1.2 - Multivariate Linear Regression

Now we are going to increase the complexity, instead of the perceptron having a single output, it will now have multiple outputs. The word “multivariable” usually means that the perceptron receives multiple inputs, but here we will use it to describe that the perceptron has multiple outputs.

We can think of the multivariate perceptron as a layer of multiple simple perceptrons, and that each perceptron output corresponds to an output feature.

Purpose of this Notebook:

The purposes of this notebook are:

Create a dataset for multivariate linear regression task
Create our own Multivariate Perceptron class from scratch
Calculate the gradient descent from scratch
Train our Multivariate Perceptron
Compare our Perceptron to the one prebuilt by PyTorch
[Extra] Calculate the gradient descent by other way

import torch
from torch import nn

from platform import python_version
python_version(), torch.__version__

('3.12.12', '2.9.0+cu128')

device = 'cpu'
if torch.cuda.is_available():
    device = 'cuda'
device

'cpu'

torch.set_default_dtype(torch.float64)

def add_to_class(Class):  
    """Register functions as methods in created class."""
    def wrapper(obj): setattr(Class, obj.__name__, obj)
    return wrapper

Dataset¶

create dataset¶

\begin{align*} \mathbf{X} &\in \mathbb{R}^{m \times n} \\ \mathbf{Y} &\in \mathbb{R}^{m \times n_{1}} \end{align*}

(1)

where $n_{1}$ is the number of output features.
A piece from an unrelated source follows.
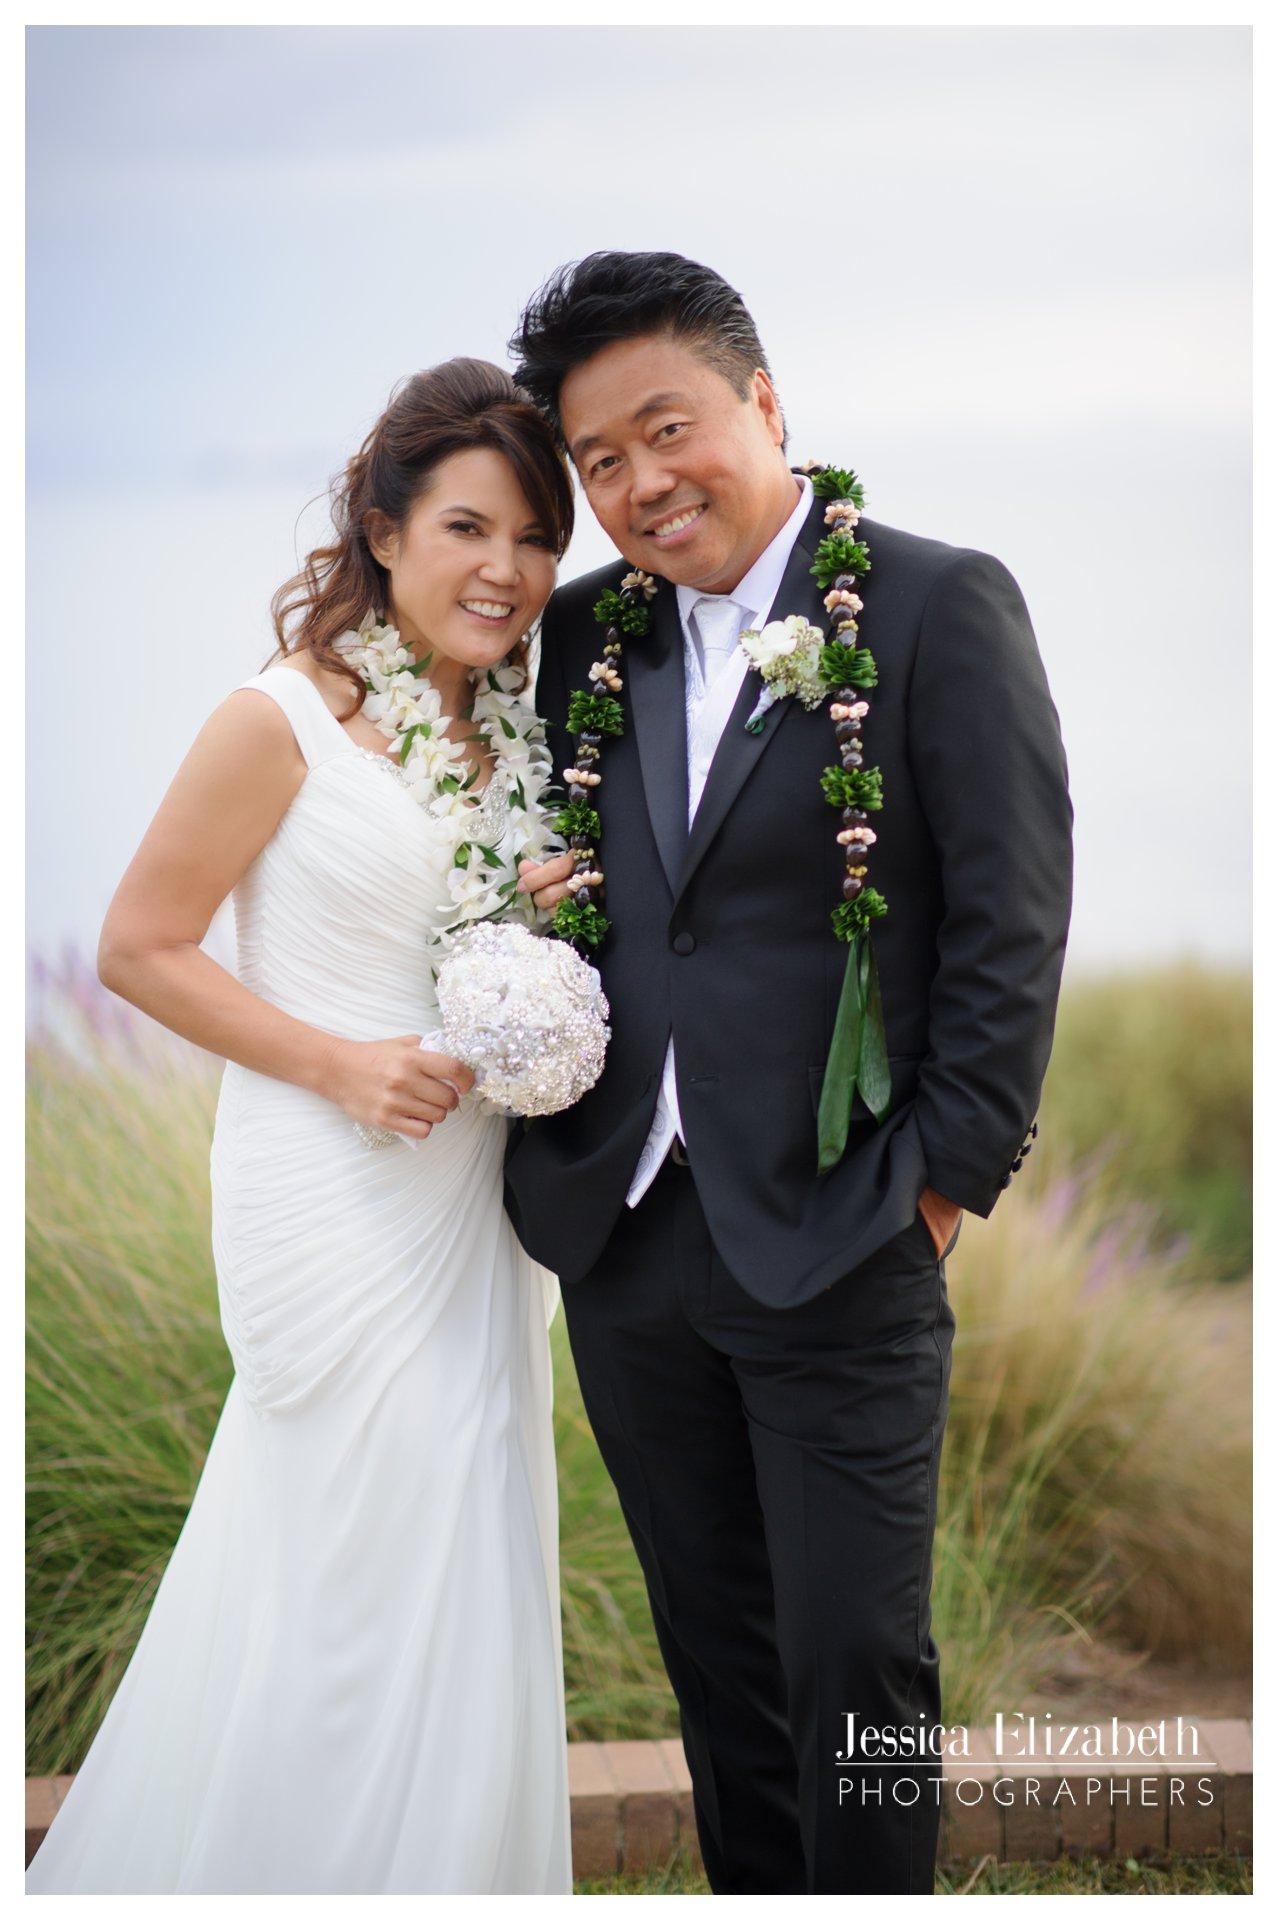 28-Terranea-Palos-Verdes-Wedding-Photography-by-Jessica-Elizabeth-w.jpg
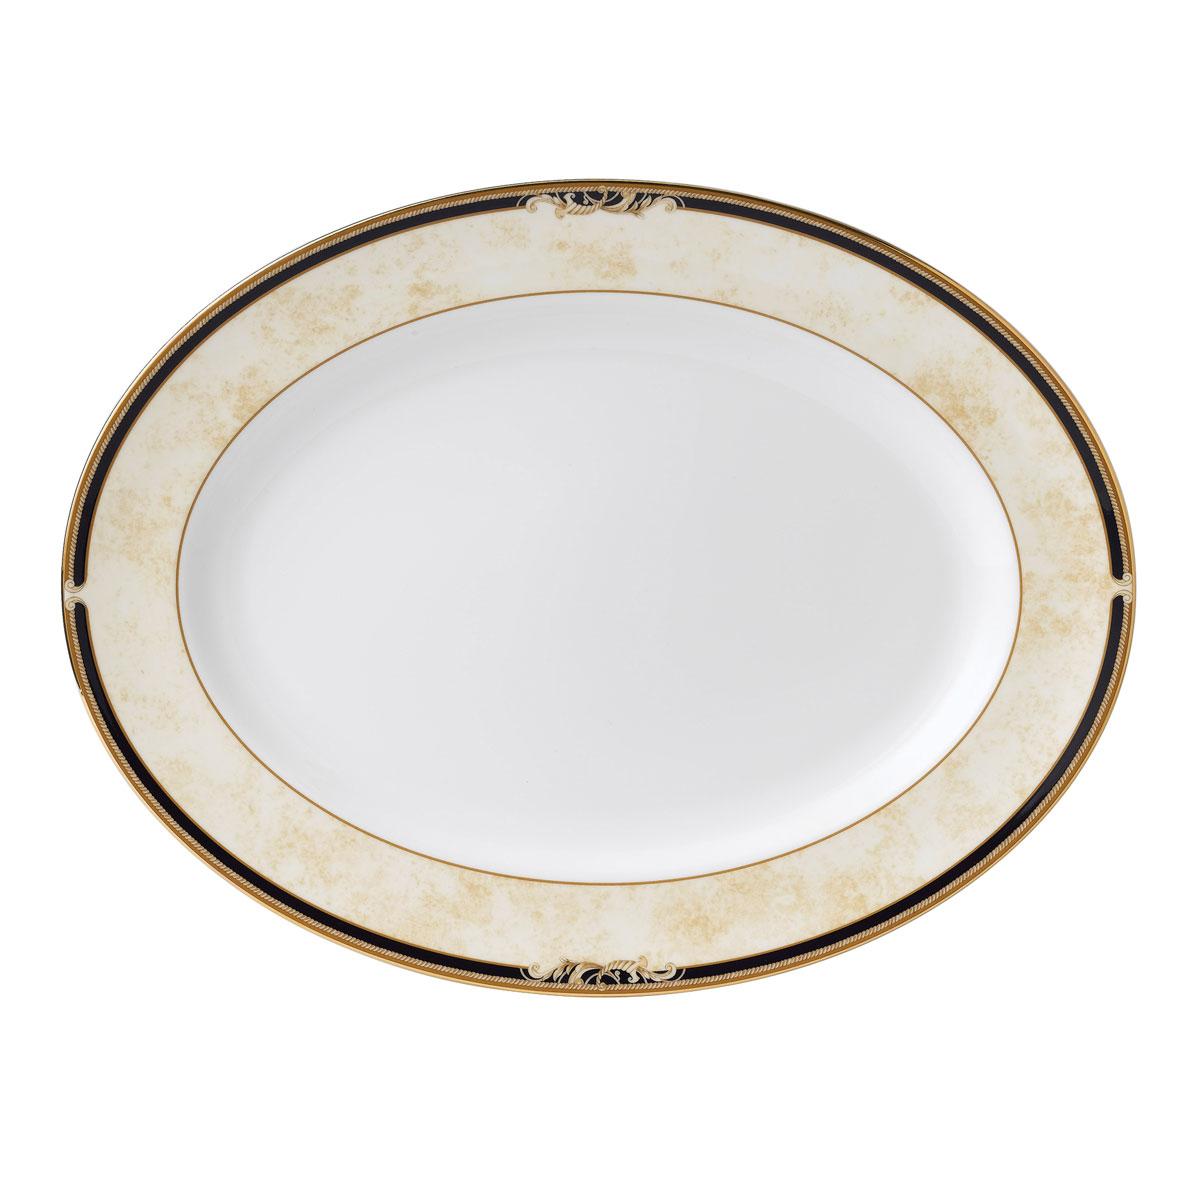 "Wedgwood Cornucopia Oval Platter 15.25"""

\mathbf{X} = \begin{bmatrix} x_{11} & x_{12} & \cdots & x_{1n} \\ x_{21} & x_{22} & \cdots & x_{2n} \\ \vdots & \vdots & \ddots & \vdots \\ x_{m1} & x_{m2} & \cdots & x_{mn} \end{bmatrix}

(2)

\mathbf{y} = \begin{bmatrix} y_{11} & y_{12} & \cdots & y_{1n_{1}} \\ y_{21} & y_{22} & \cdots & y_{2n_{1}} \\ \vdots & \vdots & \ddots & \vdots \\ y_{m1} & y_{m2} & \cdots & y_{mn_{1}} \end{bmatrix}

(3)

from sklearn.datasets import make_regression
import random

M: int = 10_100 # number of samples
N: int = 6 # number of input features
NO: int = 3 # number of output features

X, Y = make_regression(
    n_samples=M, 
    n_features=N, 
    n_targets=NO, 
    n_informative=N - 1,
    bias=random.random(),
    noise=1
)

print(X.shape)
print(Y.shape)

(10100, 6)
(10100, 3)

split dataset¶

X_train = torch.tensor(X[:100], device=device)
Y_train = torch.tensor(Y[:100], device=device)
X_train.shape, Y_train.shape

(torch.Size([100, 6]), torch.Size([100, 3]))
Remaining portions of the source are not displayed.